Sony Heru mengatakan, jika pengaturan pembelian gula hanya oleh Perum Bulog bertujuan menjaga harga di tingkat konsumen murah, pemerintah harus menanggung biaya yang muncul. Sebagai contoh, pembelian oleh Bulog Rp 9.700 per kilogram, sementara petani menghendaki gula kristal mereka dibeli Rp 11.000 per kilogram, pemerintah perlu mencari solusi terbaiknya.
Caranya, pemerintah melakukan survei untuk mengetahui biaya produksi gula kristal di tingkat petani. Jika biaya produksi gula di tingkat petani sebesar Rp 10.000 per kilogram, wajar sekiranya petani selaku produsen menjual Rp 11.000 per kilogram.
Dengan cara ini, pemerintah tinggal menanggung biaya Rp 1.300 per kilogram, yang merupakan selisih dari harga pembelian Bulog sebesar Rp 9.700 per kilogram dengan harga yang dikehendaki petani. Selisih harga itu adalah subsidi pemerintah ke petani sebagai kompensasi. Dengan cara ini, petani tidak lagi rugi besar, sementara tujuan pemerintah menjaga stabilitias ekonomi serta mencegah inflasi juga tercapai.

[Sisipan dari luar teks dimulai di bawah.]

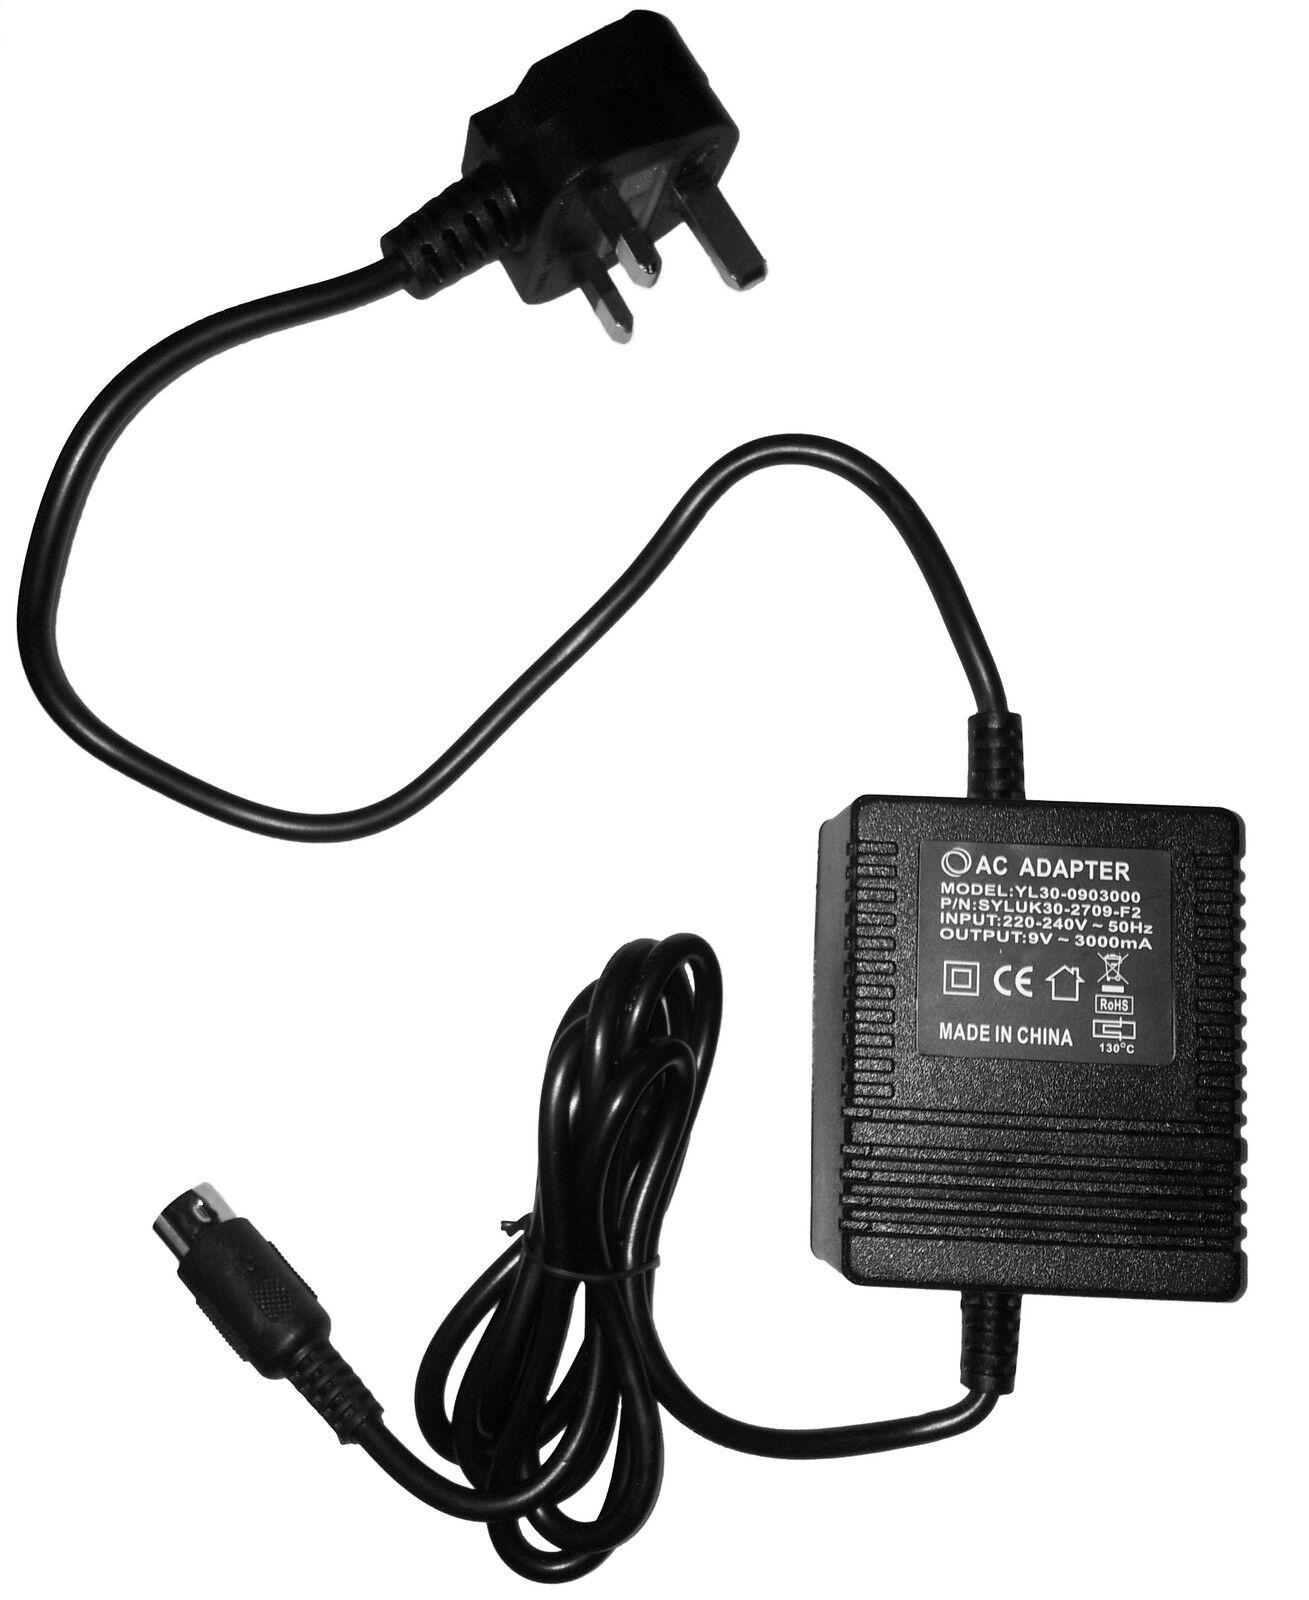 ROCKTRON UTOPIA G300 POWER SUPPLY REPLACEMENT ADAPTER UK 9V 220V 230V 240V

Sony Heru menyatakan, jika petani tidak bisa menentukan harga jual gula, hal ini aneh. Selama ini produsen menetapkan harga. Penentuan harga minyak atau air mineral, misalnya, selalu dilakukan produsen dengan mempertimbangkan biaya produksi dan kemampuan konsumen.
Sekretaris Jenderal DPN Andalan Petani Tebu Rakyat Indonesia (APTRI) M Nur Khabsyn mengemukakan, kisruh tata niaga gula justru bersumber dari pemerintah. APTRI telah memberikan rekomendasi terkait gula petani dalam rembuk nasional di bidang kedaulatan pangan belum lama ini.
APTRI meminta pemerintah memihak petani secara nyata. Meski gula kristal petani boleh dijual bebas, mengingat ketatnya regulasi dan keberadaan tim Satgas Pangan, penjualan gula secara bebas dapat membuat seolah-olah pelakunya melakukan kejahatan pencurian.
Dalam kondisi sekarang, menurut Nur Khabsyn, petani hanya bisa menjual gula dalam jumlah yang kecil supaya pedagang kecil bisa turut membelinya.
Jika petani atau pabrik gula menjual dalam jumlah besar, dikhawatirkan banyak pedagang takut. Pedagang besar tidak mau membeli karena khawatir terhadap Satgas Pangan, yang bisa melaporkan pedagang besar ke aparat penegak hukum atas dugaan praktik penimbunan.
”Petani tebu akan terus mendukung upaya pemerintah dalam mencapai swadaya gula. Namun, tolong, berikan petani celah supaya bisa sejahtera agar tidak beralih ke tanaman lain,” ujar Nur Khabsyn.